In response the Australian Government agreed to develop Australia's first national Aboriginal and Torres Strait Islander Suicide Prevention Strategy and established the Aboriginal and Torres Strait Islander Suicide Prevention Advisory Group (the Advisory Group) to guide its development. A list of the members for the Advisory Group can be found at Appendix 1.

The Strategy has been informed by extensive community consultation across Australia and by the Aboriginal and Torres Strait Islander peoples' holistic view of health that encompasses mental health, physical, cultural and spiritual health. Participants at the community consultations consistently called for community-focused, holistic and integrated approaches to suicide prevention with an emphasis on investment in "upstream" prevention efforts to build community, family and individual resilience and on restoring social and emotional wellbeing.

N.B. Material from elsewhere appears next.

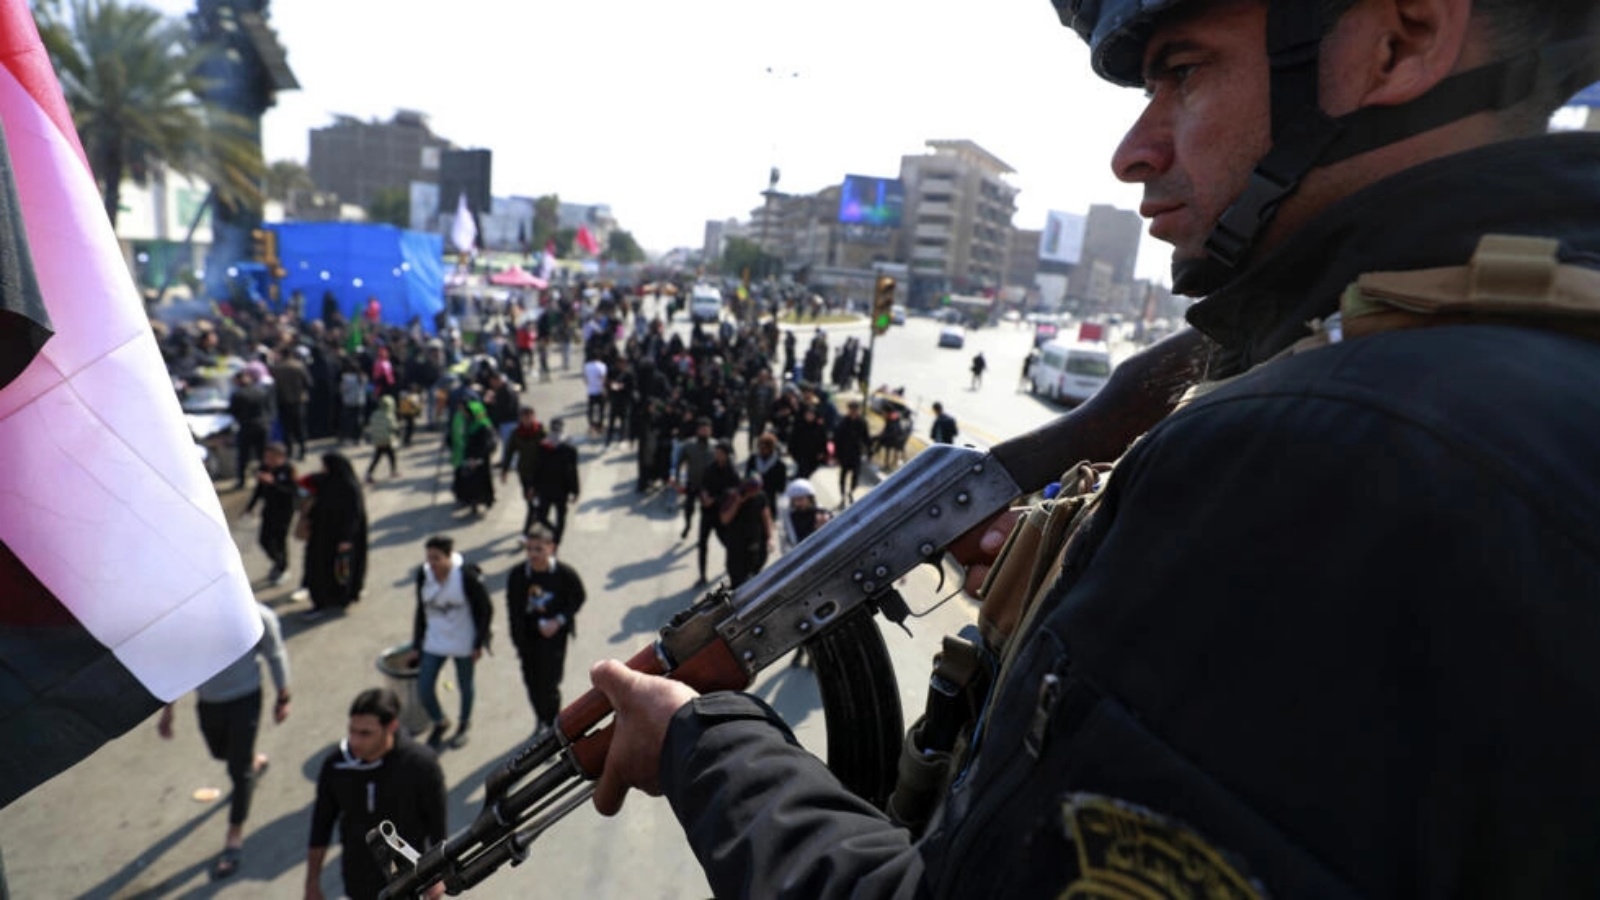 عنصر من القوات الأمنية يقوم بحراسة زوار متجهين إلى مرقد الإمام الكاظم في بغداد في 15 فبراير 2023

The overarching objective of the Strategy is to reduce the cause, prevalence and impact of suicide on individuals, their families and communities.

Six goals underpin this objective:

  1. Reduce the incidence and impact of suicide and suicidal behaviour in the Aboriginal and Torres Strait Islander population and in specific communities affected by suicide.
  2. Ensure that Aboriginal and Torres Strait Islander communities and populations are supported within available resources to respond to high levels of suicide and/or self-harming behaviour with effective prevention strategies.
  3. Implement effective activities that reduce the presence and impact of risk factors that contribute to suicide outcomes in the short, medium and long term and across the lifespan.
  4. Build the participation of Aboriginal and Torres Strait Islander peoples in the workforce in fields related to suicide prevention, early intervention and social and emotional wellbeing through the provision of training, skills and professional qualifications at all levels.
  5. Build the evidence base to support effective action and to evaluate the outcomes of suicide prevention activity at local, regional and national levels.
  6. Make high quality resources, information and methods to support suicide prevention for Aboriginal and Torres Strait Islander peoples available across all contexts and circumstances.Top of page
The objectives and goals will be achieved through the six action areas of the Strategy, which set out how these will be achieved in terms of areas of need, intervention and expected outcomes.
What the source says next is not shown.